Democracy Dies in Darkness

Netanyahu’s conflicting messages confuse cease-fire talks, officials say 

Netanyahu this week said Israel would not withdraw from the Gaza-Egypt border, while his chief negotiator told mediators the military would eventually pull out.

8 min
Israeli Prime Minister Benjamin Netanyahu speaks at a news conference in Jerusalem on Monday. (Ohad Zwigenberg/Pool/EPA-EFE/Shutterstock)

CAIRO — Israeli Prime Minister Benjamin Netanyahu has insisted for weeks that his forces will not withdraw from the Gaza-Egypt border, a key demand of both Hamas and Egypt in talks to reach a cease-fire deal. But privately, his negotiating team offered to pull troops out as part of a phased agreement, according to three current and former officials from countries involved in the talks — confusing mediators at a critical time in the diplomatic efforts to end the war.

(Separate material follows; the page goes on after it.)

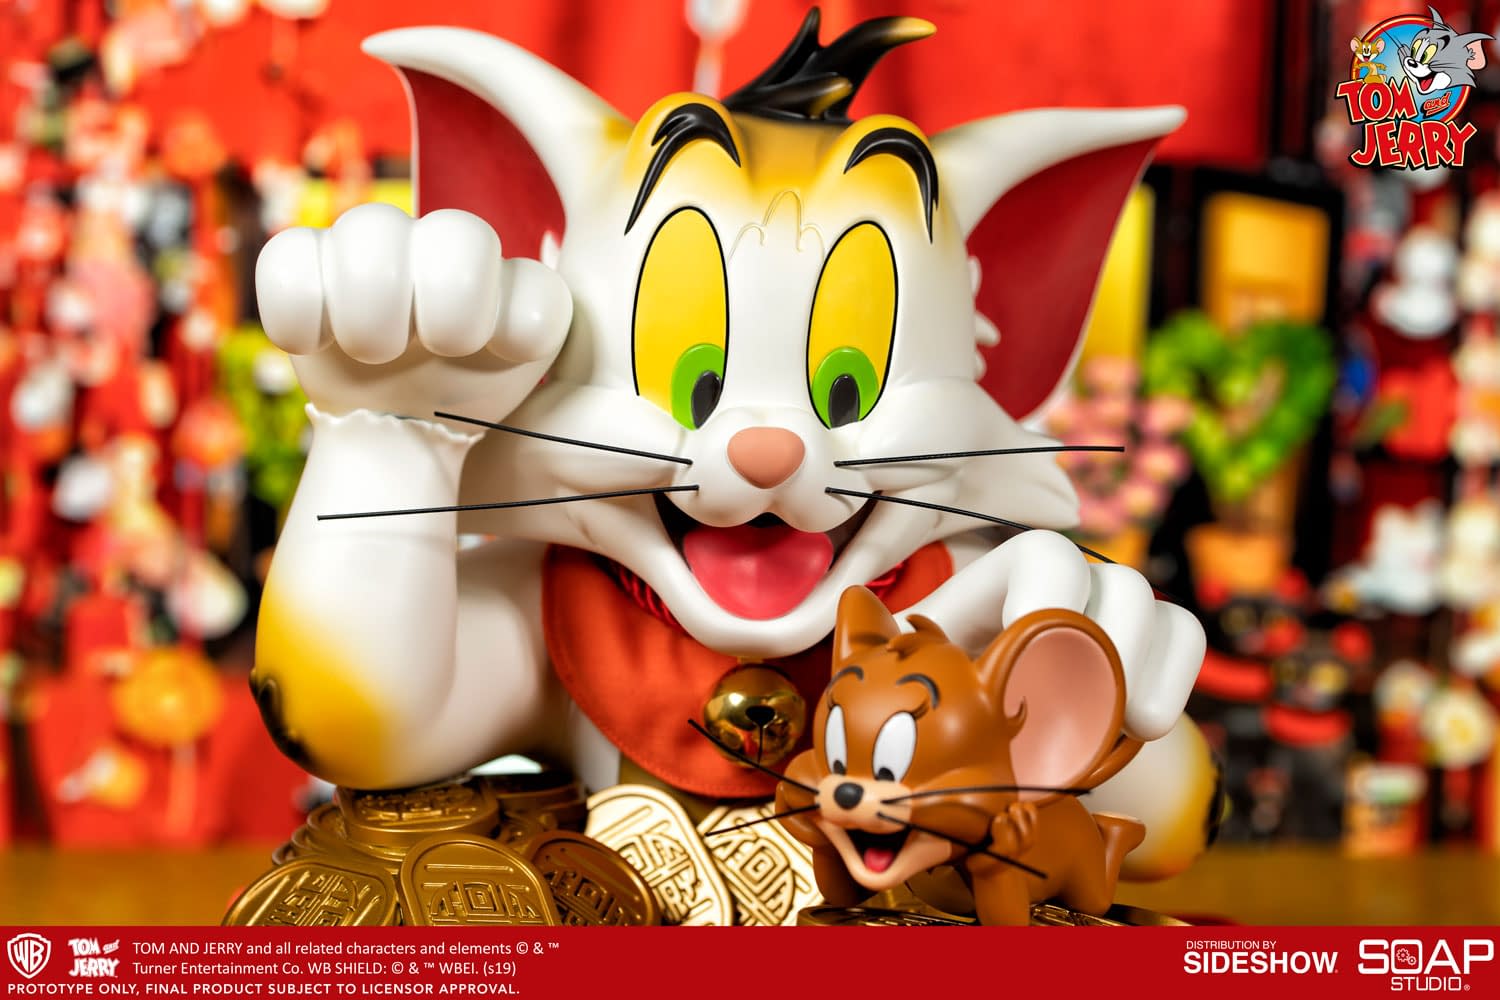 red tom and jerry

At a news conference late Monday, Netanyahu described Israel’s presence there — along a narrow strip of land known as the Philadelphi Corridor — as a “strategic imperative.” He repeated similar talking points at a news conference for foreign media on Wednesday, arguing that retaining control of the border region, which Hamas long used for smuggling weapons and materiel, is necessary to maintain military pressure on the group.

On Monday, though, a senior Israeli negotiator had already told U.S., Egyptian and Qatari mediators that Israel was willing to pull all of its troops out of the corridor during the second phase of a proposed three-stage agreement, according to the current and former officials who spoke on the condition of anonymity to discuss sensitive diplomacy. During the first phase, Israeli forces would withdraw from about half of the corridor, said a former Egyptian official briefed on the talks.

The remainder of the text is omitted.